Tras años de espera, desde las cumbres estatales se empezó a abrir paso la idea de que era necesaria una reforma legal que abriera espacios para todos los actores políticos y sociales presentes. Por su parte, la oposición de izquierda se fusionó y reinventó, como ocurrió con la Coalición de Izquierda y el PCM, el PSUM, el PMS y el PRD, permitiendo nuevas miradas y valoraciones de la política, también de la importancia que debería tener el Estado, renovado por las nuevas emulsiones políticas que se alimentaban de vastas corrientes de reclamo social.
La derecha política, por su lado, agrupada en el Partido Acción Nacional amplió y reafirmó sus vínculos con el empresariado, cuyas vanguardias habían roto sus pactos históricos con la coalición gobernante al calor de la nacionalización bancaria de 1982.
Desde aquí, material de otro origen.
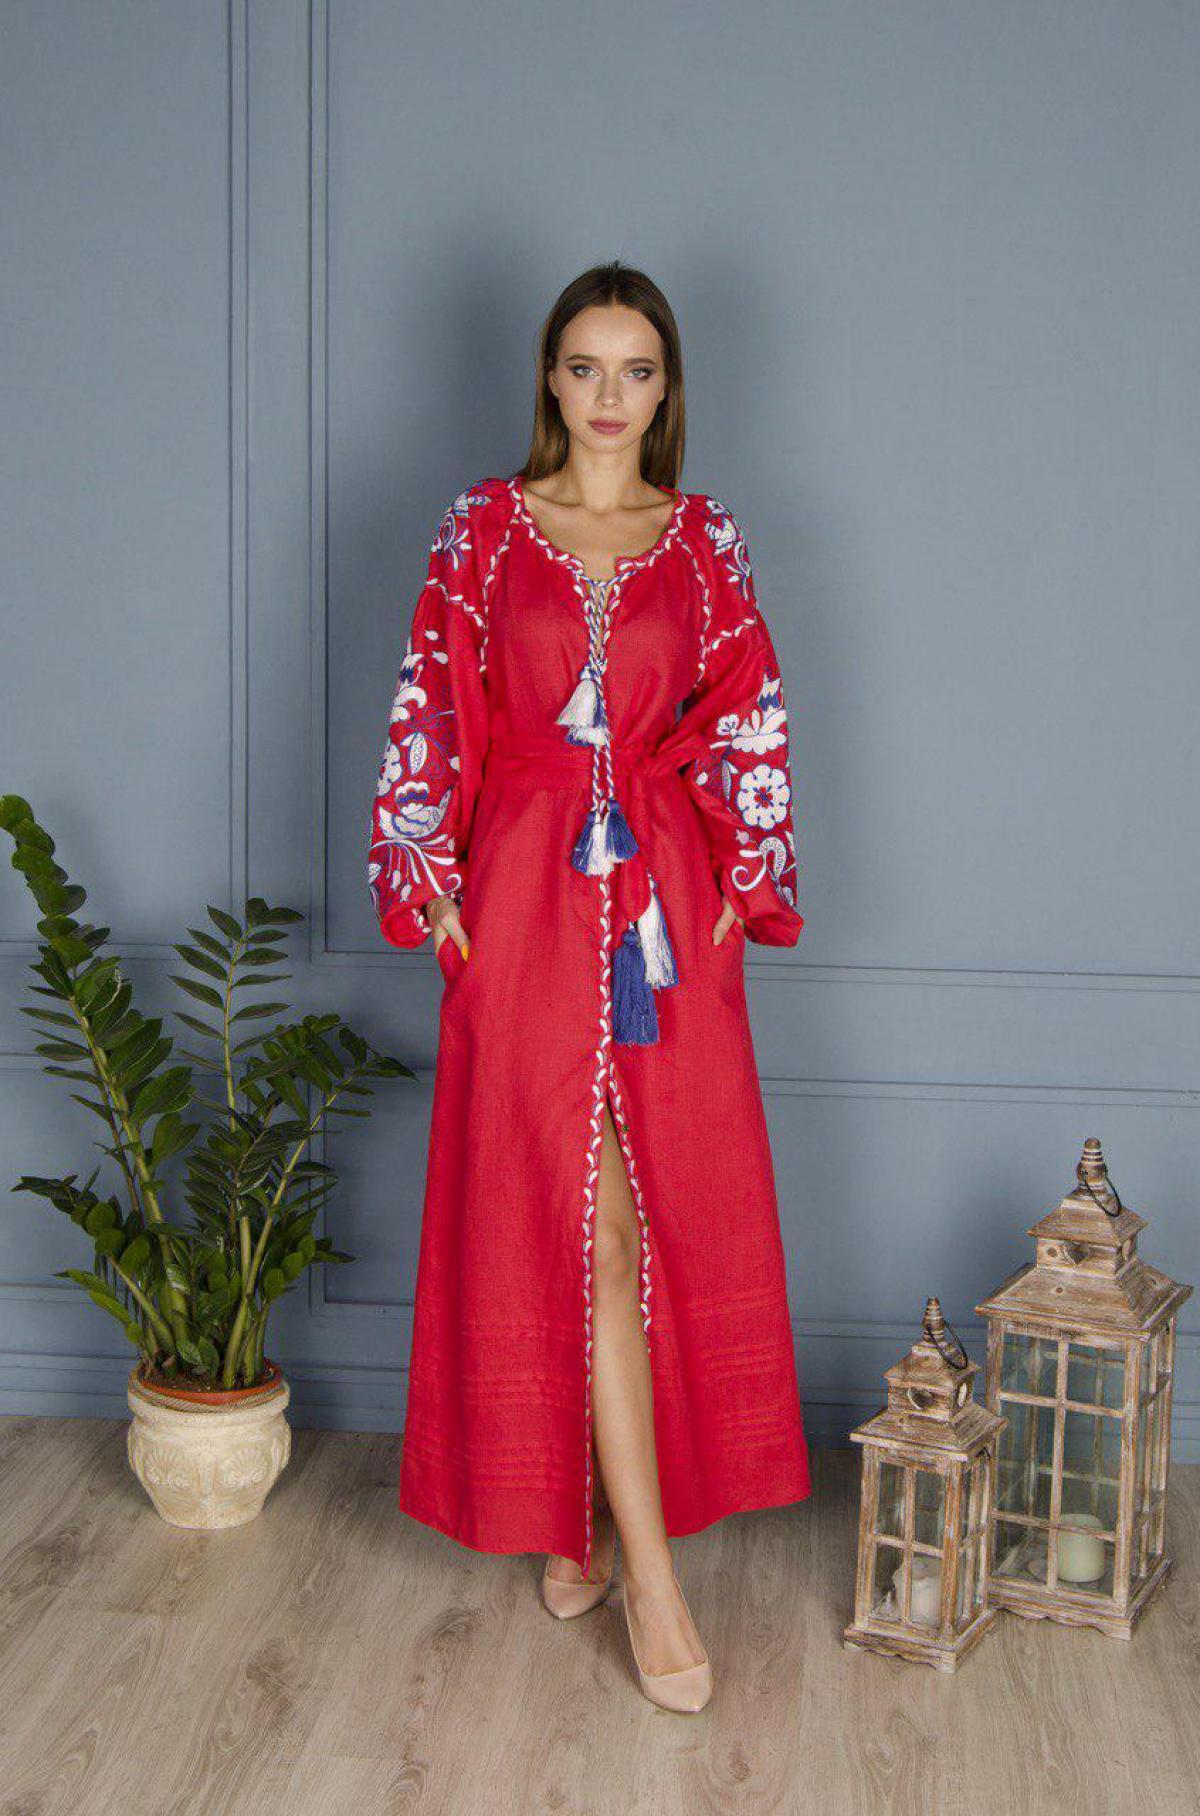 Красное льняное вышитое платье Птицы, длинное. Фото №1. | Народный дом Украина

Desde esas configuraciones y reconfiguraciones provinieron iniciativas y propuestas que desembocarían en los acuerdos tácitos y expresos con el IFE, la modernización electoral, etcétera. La gran plataforma fue el formato de democracia representativa que, a su manera, había cultivado Acción Nacional a lo largo de su historia. Lo que resultó de ese magno proceso de cambios y talantes, algunas veces dirigido e inducido, fue una polis híper poblada por caracteres disímbolos, pero con ambiciones comunes de “apropiación política” de la política, que no se veían desde los años de la reconstrucción que siguió a la guerra civil desatada por la inconclusa revolución maderista. Apropiación política que, sin embargo, soslayó la deuda social, cuestión central que recoge un reclamo histórico que ha sido pospuesto por los proyectos de cambio económico emprendidos, y que hubo de “acomodarse” a mutaciones estructurales de la economía y del mundo laboral de grandes implicaciones para los trabajadores, pero, en su mayoría, hostiles al reclamo social que proclamaban los destacamentos sindicales de la década de los 70.
Así, el cambio político que tuvo lugar quedó en deuda con los contingentes que más habían contribuido a la pedagogía democrática y cuya tradición de alianza con el Estado había sido conculcada por el mismo Estado y por los principales regentes de aquel sindicalismo que Galván y los electricistas democráticos habían buscado transformar para que fuera la palanca de un nuevo proyecto nacional, capaz de cumplir con los postulados constitucionales y ampliar la tradición revolucionaria.
Los militantes de convicción comunista, en muchos casos marxistas-leninistas, refutaron las pretensiones reformistas y desde el movimiento armado, combatido con creciente saña gubernamental, decretaron la expulsión de fórmulas discursivas diferentes a las de revolución total.
Pero la realidad se ha probado más compleja y rejega que los discursos únicos y la experiencia fundadora de la Corriente Democrática priísta encabezada por Cuauhtémoc Cárdenas, Porfirio Muñoz Ledo, Ifigenia Martínez y otros más, mostró la eficacia histórica que la visión reformista todavía tenía. Ímpetu reformista de instituciones políticas que desem-bocó en las leyes electorales, el IFE y el sistema plural de partidos, así como en las varias alternancias logradas.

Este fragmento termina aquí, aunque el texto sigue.